Так вот, продолжаю рассказывать я, мне хотелось устроить пожар, но за ночь спирт успевал выветриться, и наутро прореха в матрасе только чуть попахивала кислым. Вечно одна и та же история: чтобы устроить пожар, нужен огонь, чтобы приготовить суп, нужны овощи, чтобы быть свободным, нужна свобода. Впрочем, мне хватило бы и одной спички. Я у всех спросила, даже у Мистера Пропера, парнишки, что дежурит по мужскому отделению, время от времени занося к нам в постирочную грязное белье и забирая чистое, но он ответил, мол, спичек нет. На самом деле у Мистера Пропера имеется имя, Джоакино, но никто его так не называет с тех пор, как он выпил целый литр моющего средства. Хотел стать таким же мускулистым, как тот лысый парень на этикетке, открыть ворота и уйти. Только никому не говори, шепчу я Новенькой, прижавшись губами к ее уху: однажды, помогая Жилетт в постирочной, я стащила для него бутылку «Мистера Пропера». Мы спрятались под вонючей черной лестницей, и он, открутив крышку, сделал большой глоток. Я пощупала его бицепс, но ничего не изменилось. Он глотнул еще, и я забрала бутылку, потому что, если бы он выпил все, Жилетт непременно заметила бы. А он схватил меня за руку, притянул к себе, прижал мое тело к стене и попытался сунуть мне язык между зубами. Ощутив вкус лимона и мыла, я отпихнула его, снова протянула бутылку и предложила: давай, выпей. Он сделал еще глоток, я сказала: еще, и он глотнул еще, и еще, и еще. Я думала дождаться, пока у него изо рта пойдут мыльные пузыри, к тому же он пообещал взамен спичку. И потом, мне вовсе не хотелось снова почувствовать на своем небе его лимонный язык. Так что я просто ждала, пока он согнет руку и напряжет бицепс. Как в той рекламе: «Мистер Пропер, веселей! В доме чисто в два раза быстрей!»
А он сперва покраснел, потом побелел, потом стал серым, как стена, и рухнул на пол. Гадди вставил ему в горло трубку, чтобы вызвать рвоту, и, продержав неделю в изоляторе, отправил к Лампочке. Жаль, мышцы так и не выросли. Я посоветовала ему в следующий раз попробовать «Ариэль»: «Мистер Пропер» явно не усваивается. Ага.

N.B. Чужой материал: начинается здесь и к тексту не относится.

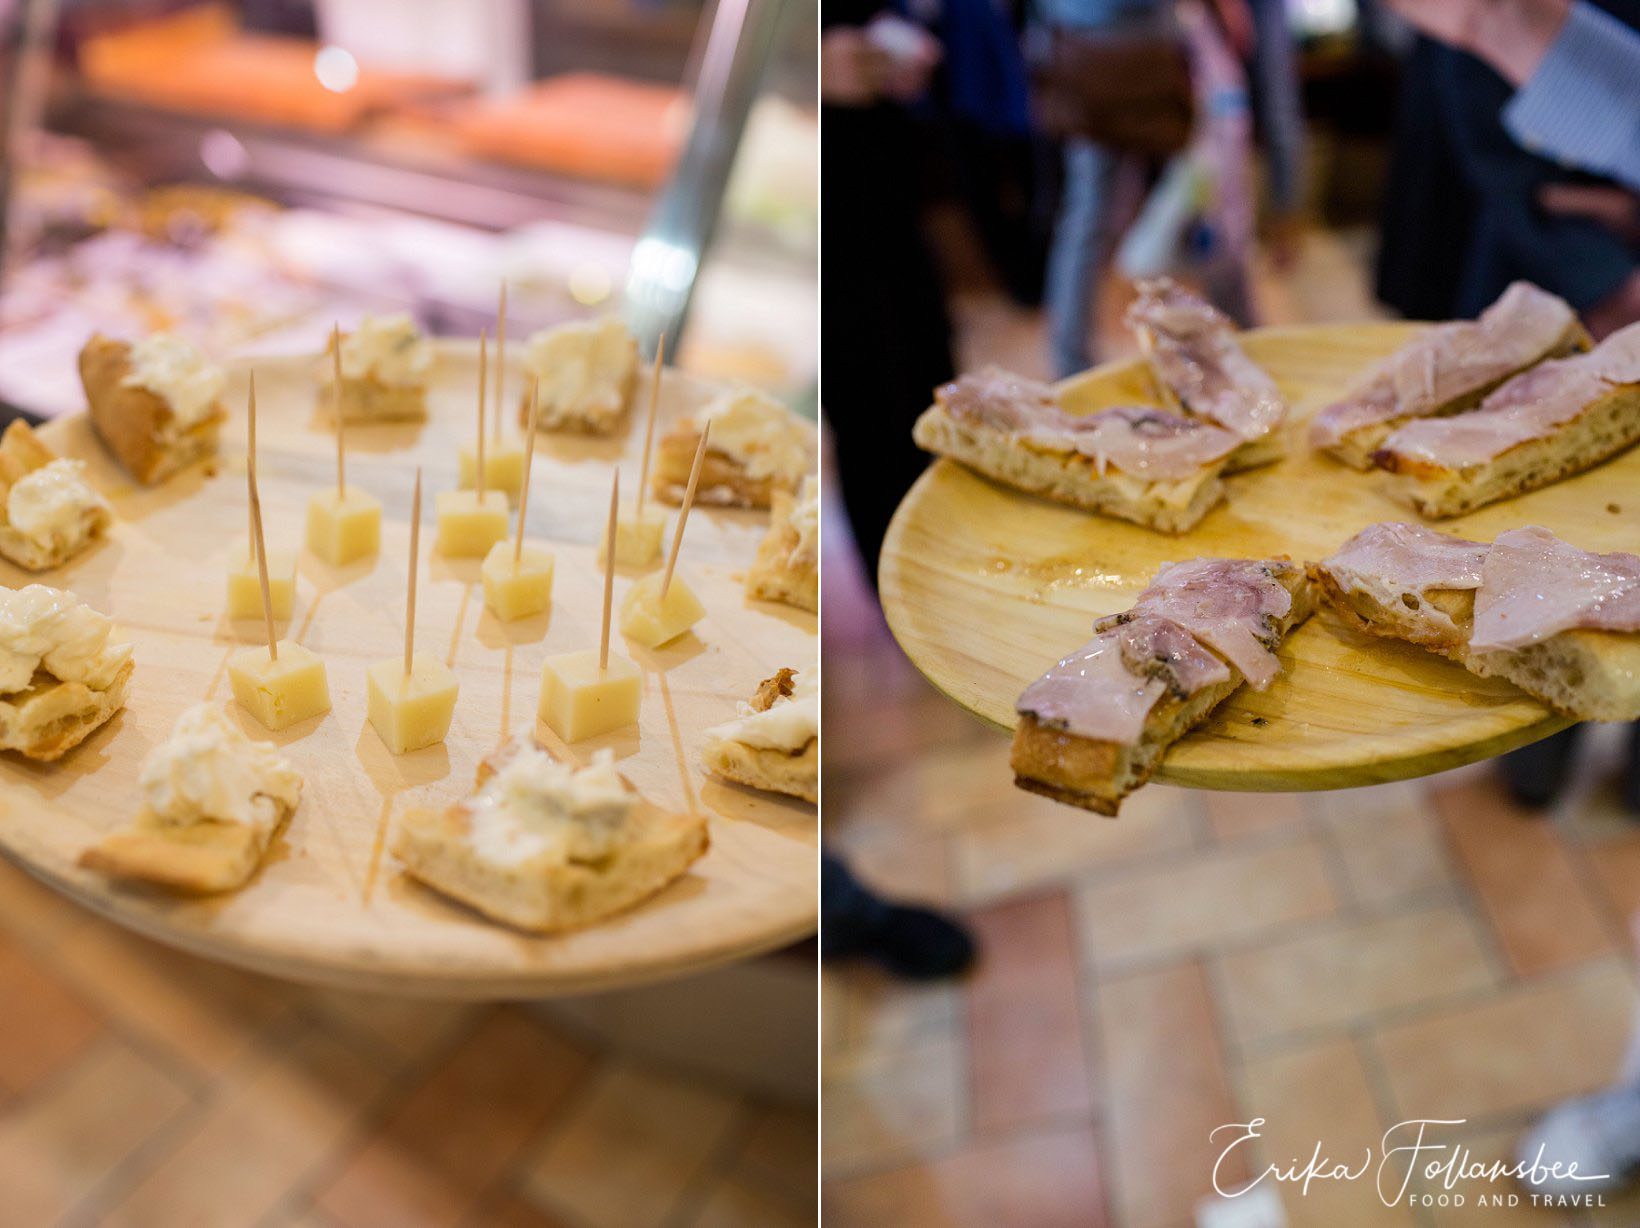 Sampling meats and cheeses in Antica Norcineria, Trastevere

В общем, спичек мне так и не досталось. Однако, как всегда говорила Сестра Мямля, если не отвечают святые, имеет смысл молиться напрямую Господу Богу. А Господь Бог здесь – Гадди. Месяц назад, во время очередного обхода, он достал из кармана халата коробок спичек, чтобы зажечь свою трубку: первая чиркнула впустую, вторая чиркнула впустую, загорелась только третья. Когда он ушел, я первым делом поставила правую ногу на брошенные спички, проковыляла, шаркая тапочками, в палату и запинала добычу под кровать. А ночью, поцеловав шерстку Жилетт, попробовала их зажечь. Первая оказалась совсем без головки, серы на ней не было ни крошки. Зато на второй еще оставалось красное пятнышко. Стоило мне чиркнуть им о неровную плитку пола, как тут же возник крохотный огонек, принявший, благодаря смоченному в спирте ватному тампону, форму сине-желтого шарика. Я уронила его на подушку, бросив туда же простыню и трое трусов, лежавших в тумбочке, и пару мгновений спустя лицо обдало жаром. У меня потекли слезы, но не такие, как в тот день, когда меня отняли у матери или когда Сестра Никотина поставила меня на колени на горох за то, что я кричала во дворе, мол, Бог прекрасно знает, где она прячет табак: в серебряной дароносице, доставаемой только по большим праздникам.
Нет, мои слезы были слезами радости, ведь из-за пожара нас всех должны были выгнать на улицу. Так я бы снова увидела Мутти и осталась бы с ней в Полумире навсегда.
Вскоре пламя стало понемногу утихать. Я бросила в него простыни своих соседок и даже, пораспахивав тумбочки, скормила ему их нижнее белье. Огонь сперва рос, потом снова уменьшился, но к этому моменту мне больше нечего было ему дать, поскольку, по правде говоря, в палате ничегошеньки не осталось. Только тлели в углу тряпки, а дым мешал дышать.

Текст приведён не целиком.